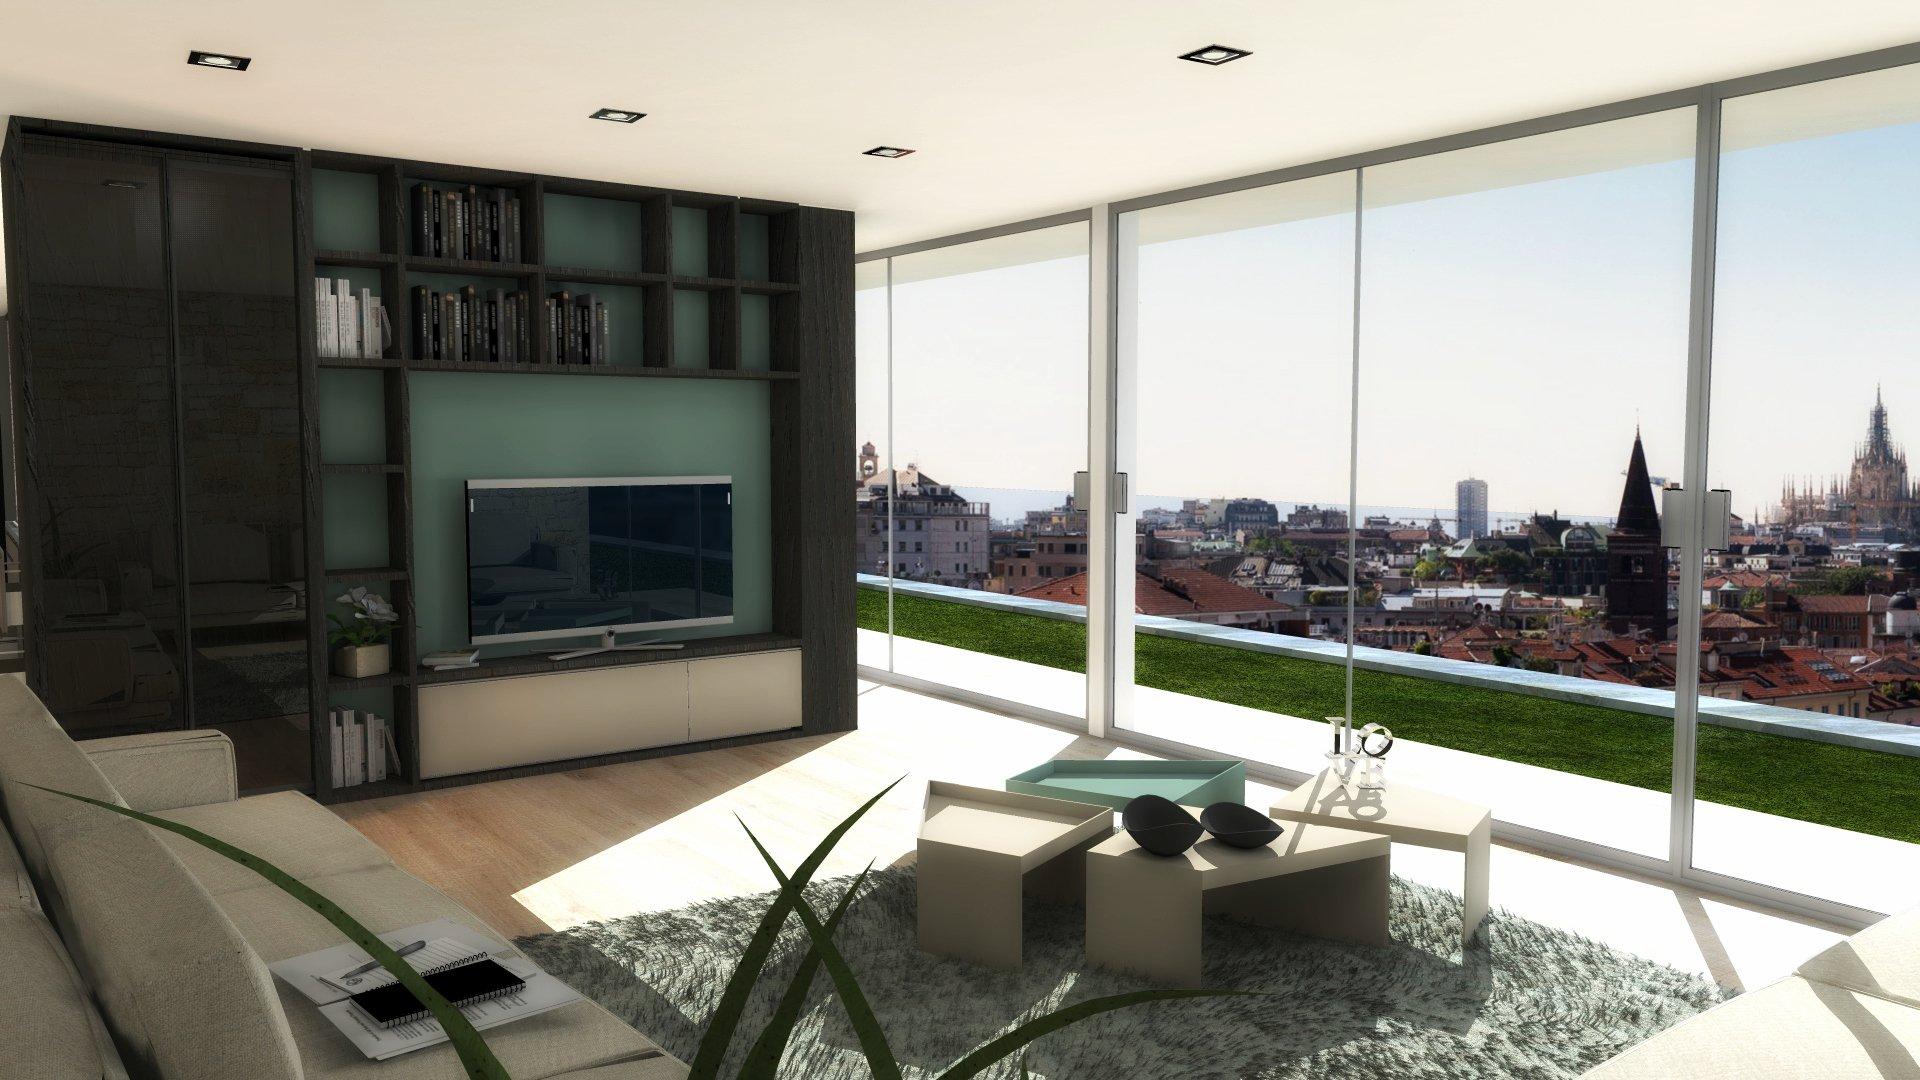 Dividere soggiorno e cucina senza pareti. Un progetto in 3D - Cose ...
---
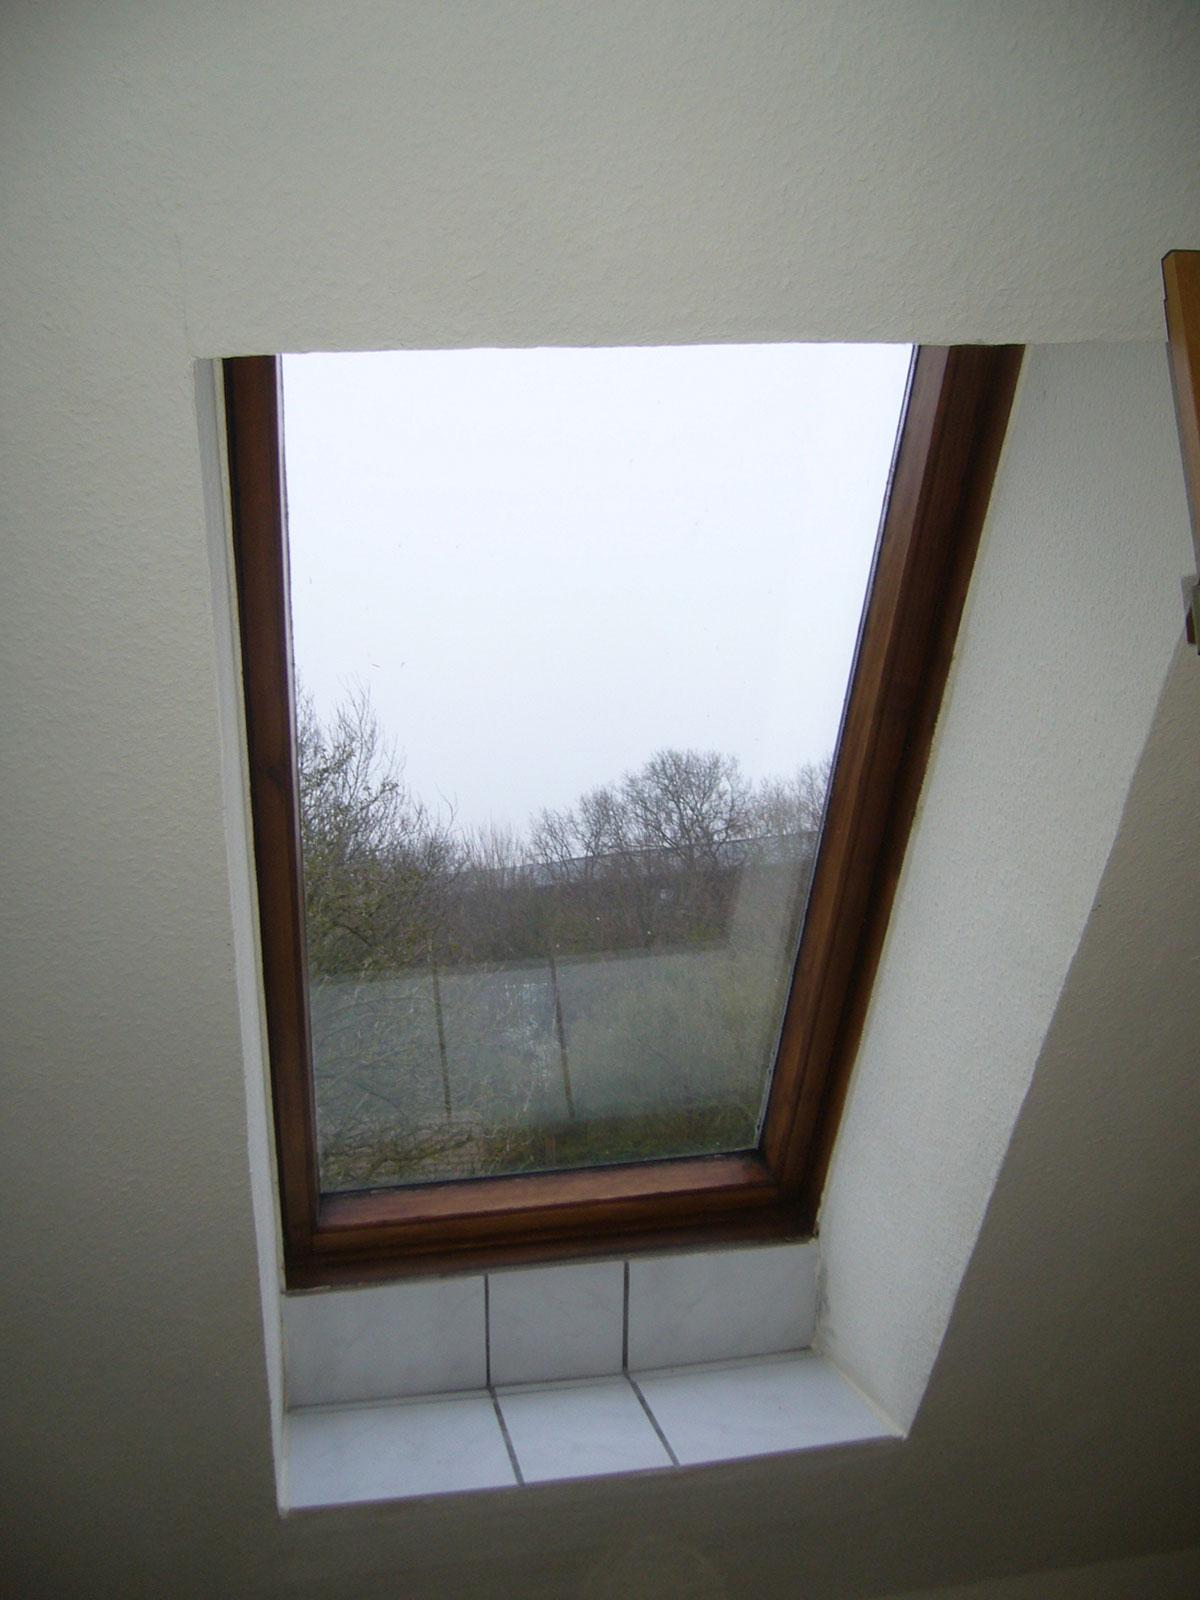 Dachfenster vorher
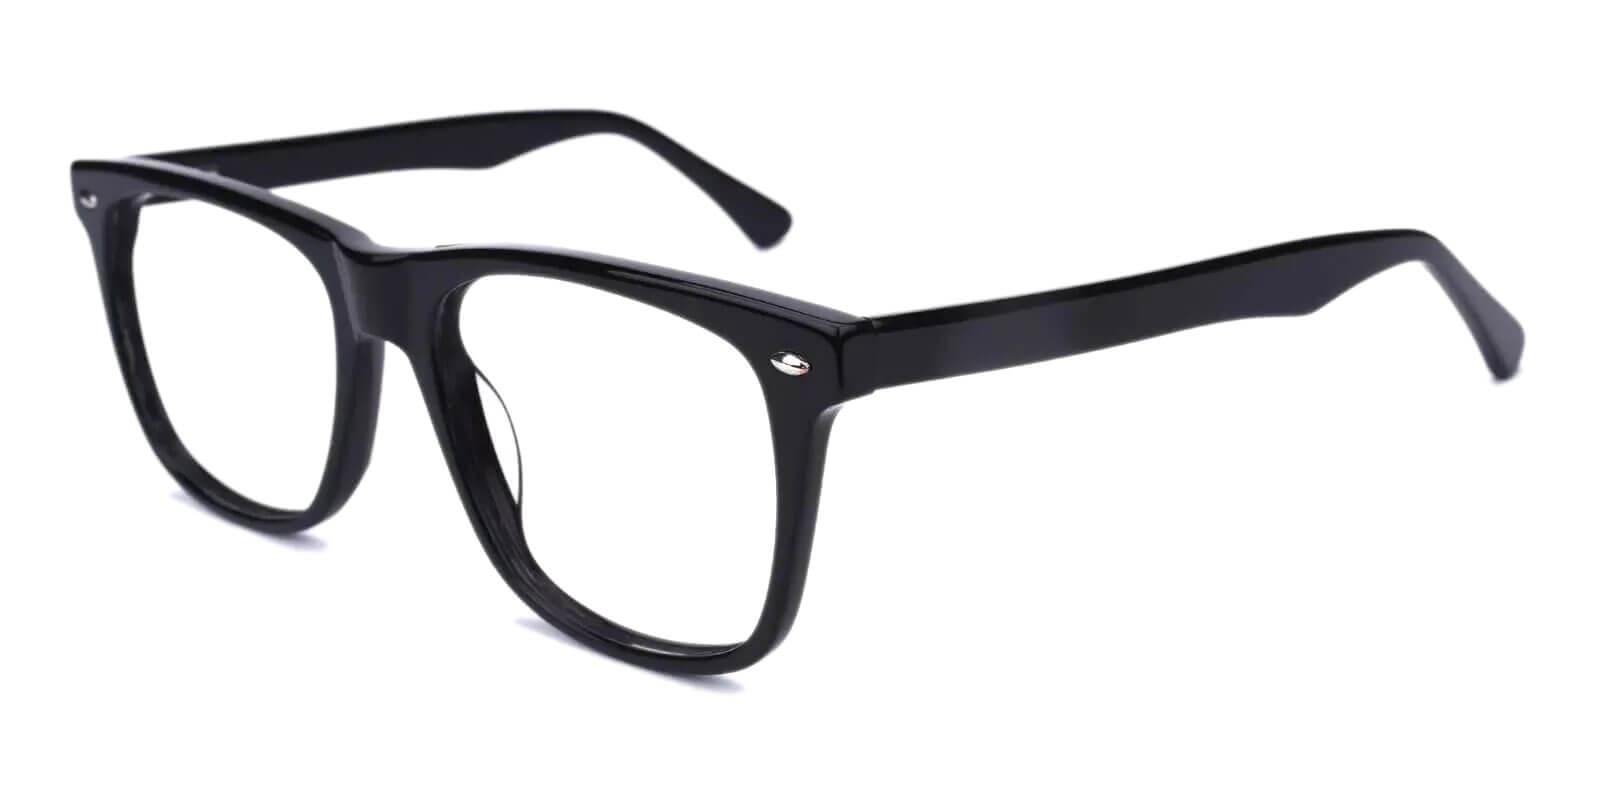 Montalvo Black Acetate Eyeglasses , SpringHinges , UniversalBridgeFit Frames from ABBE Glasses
...
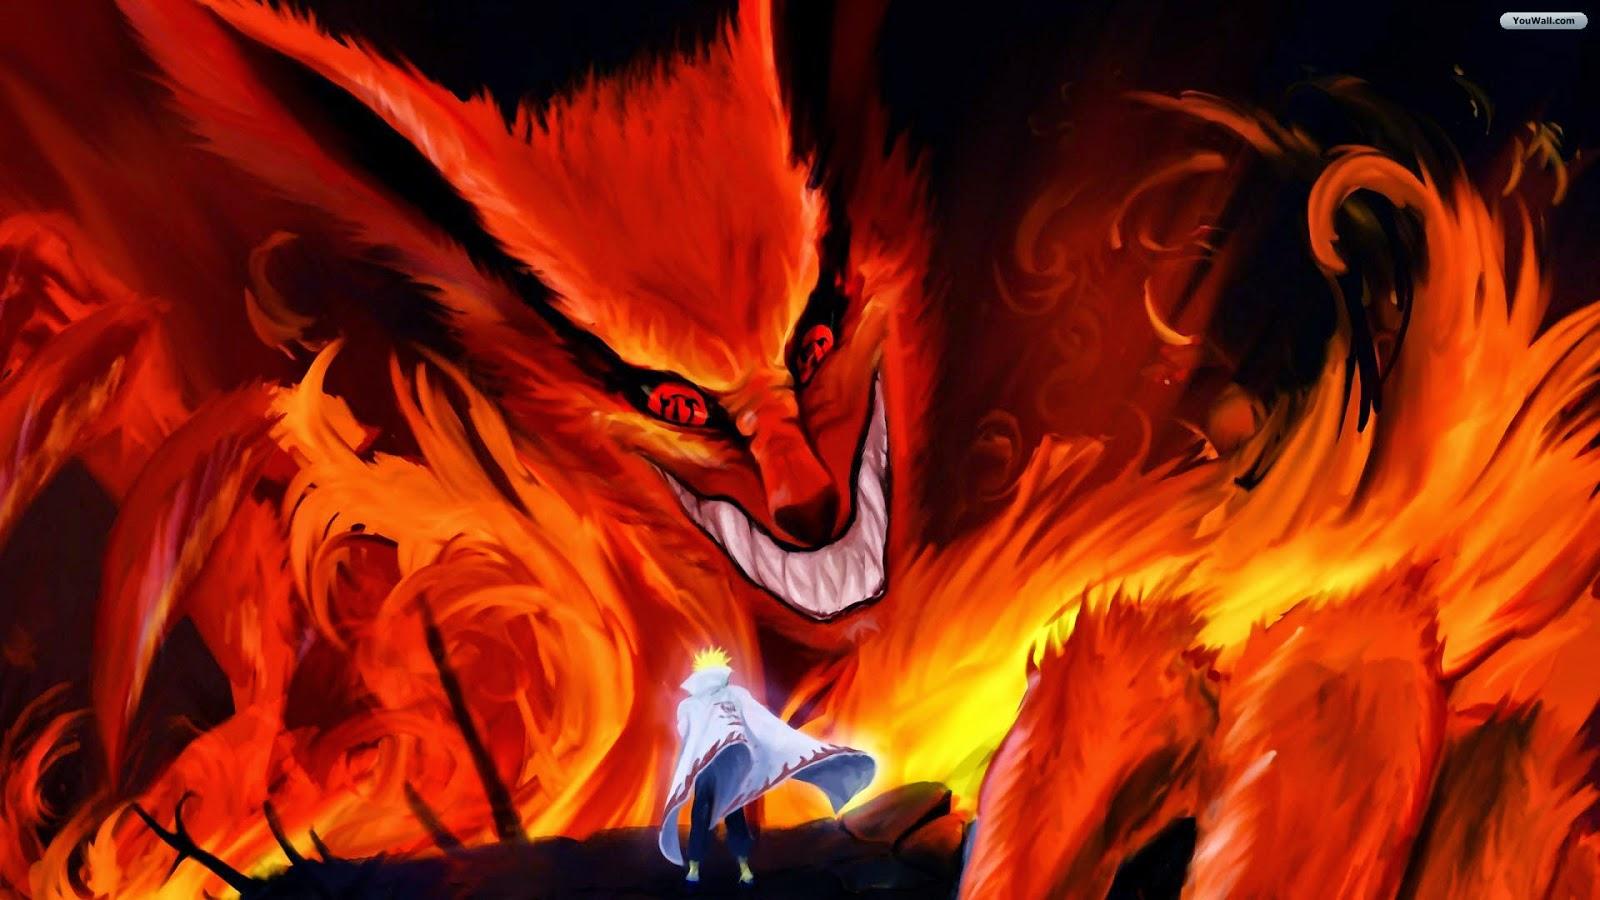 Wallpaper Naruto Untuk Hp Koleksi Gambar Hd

GOAL OF THE EXERCISE: In the records above, everything from the line with "Dachfenster vorher" down to the line with "Montalvo Black Acetate" must be duplicated exactly, both lines kept. Leave no pictures in.

WRITTEN RESPONSE:
 Dachfenster vorher
 Montalvo Black Acetate Eyeglasses , SpringHinges , UniversalBridgeFit Frames from ABBE Glasses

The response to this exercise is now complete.